Phoenix is an amazing little boy. Kind, caring and willing to give everything a go. From the beginning when we learnt of his hearing loss he always surprised us with his determination, overcoming many obstacles.
Phoenix loves cars, loves to have kisses and cuddles and makes everyone feel needed and loved. He loves to be outside listening to the birds, kicking a ball and chasing his little brother Kai. He loves to read with his big brother Nate, loves to cook and everyday teaches us to appreciate the small things.
It is a rare day that Phoenix isn’t smiling and his smile and laughter is infectious.
Since receiving his Cochlear Implants in July 2012, Phoenix has become more independent and it is so beautiful to see him stop, turn to the sound and watch his face light up with joy. He enjoys his Mondays at swimming lessons, Tuesdays with his Early Intervention Teacher, Wednesdays at Kindy and Thursdays with Speech Therapy and has ongoing Mapping appointments.
Currently we are in the process of having Phoenix’ mutations in his genes identified so his brothers Nate (5) and Kai (16 mths) can be tested as to whether they are carriers of his horrible disease.
In July 2013 the Global Foundation for Peroxisomal Disorders is holding a conference in Lincoln Nebraska, USA that provides medical support and treatments from Specialist Doctors and information on advances in research. We will have the opportunity to meet other families and their children who are going through the same experiences as we are. We can share in their joy as well as grieve together.
We believe it will be incredibly beneficial for Phoenix and I to attend the conference and we are excited to have the opportunity to learn as much as possible about our medical options and about ways to improve Phoenix’s quality of life, particularly as there are no support groups here in Australia and specialist care is limited.
The cost for this trip is approximately $10,000 which we hope to raise through fundraising, sponsorship and donations of money, goods or services.
This year has been difficult financially and emotionally for us, however, we feel that Phoenix deserves every opportunity and support that we are able to offer him. For this reason we are asking for the support of our friends, family and local community and we would be forever grateful for any contribution you are able to make.
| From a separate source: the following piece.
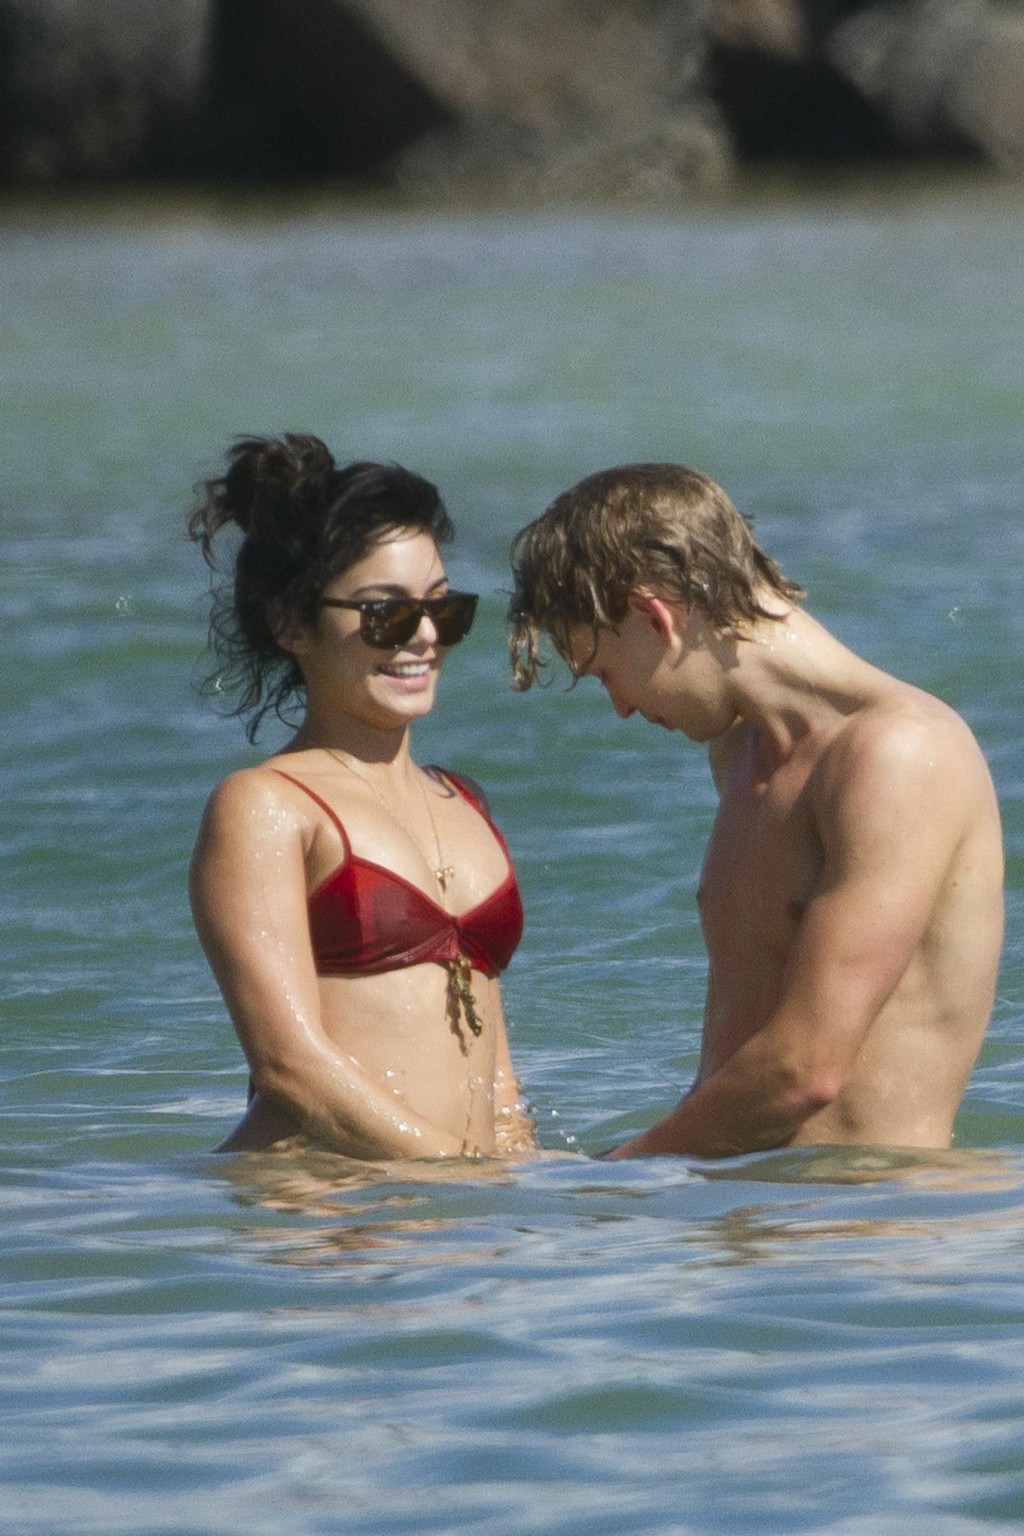 Vanessa hudgens en bikini rouge sexy embrassant son petit ami sur une plage d'hawaii.
 #75275778

In terms of development Phoenix is writing his own book as many children with this disease do. It affects each child so differently, and we look forward to his next Chapter.
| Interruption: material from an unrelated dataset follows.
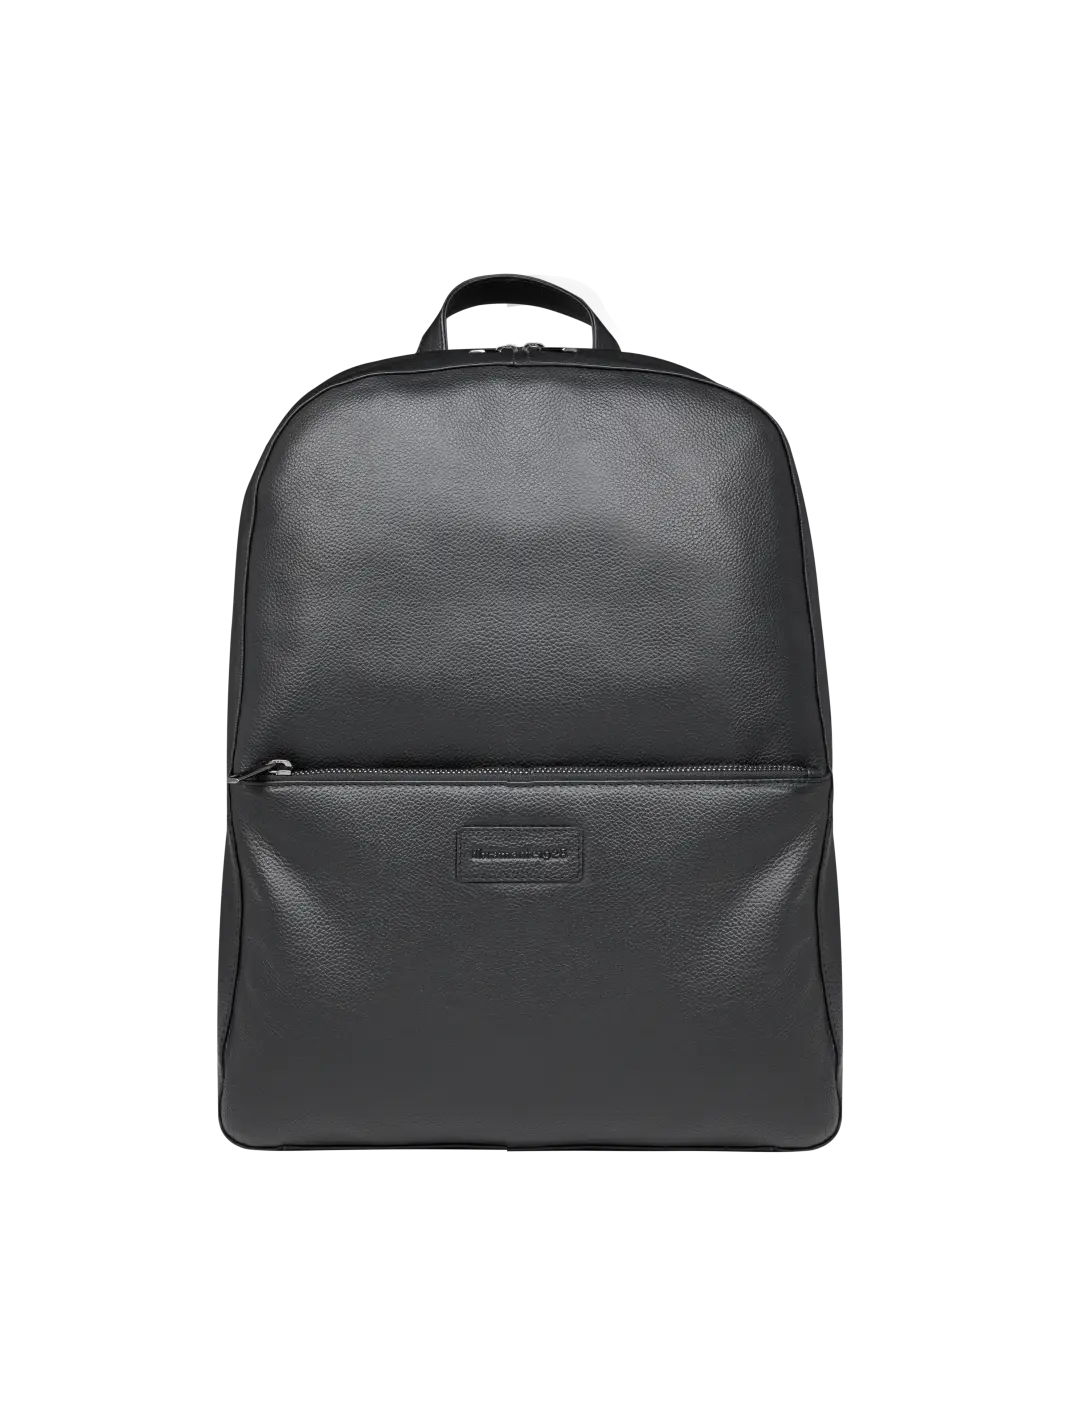 Sonderborg Pebbled Black Backpack

Phoenix has taught us to have patience and to make the most of life. It is a pleasure to be Phoenix’ Mum and we couldn’t be prouder of the little man he is becoming.
Thank you for taking to time to read about Phoenix and our family and we hope you will consider donating,
Please feel free to contact me if you would like any further information.
An Update on Phoenix:
What an amazing time we had on our trip to the US. We learnt so much medically and it felt so good to be surrounded by families going through the same. We are forever grateful to all who helped us achieve our dream and know we will benefit continually from our gained knowledge. We will never forget Phoenix’ face when he met Minnie Mouse (he has a crush) and also Eyeore! Thank you all! What a great pleasure it has been for KIN, Billabong Swin School and the Community to be able to support this wonderful family on this journey.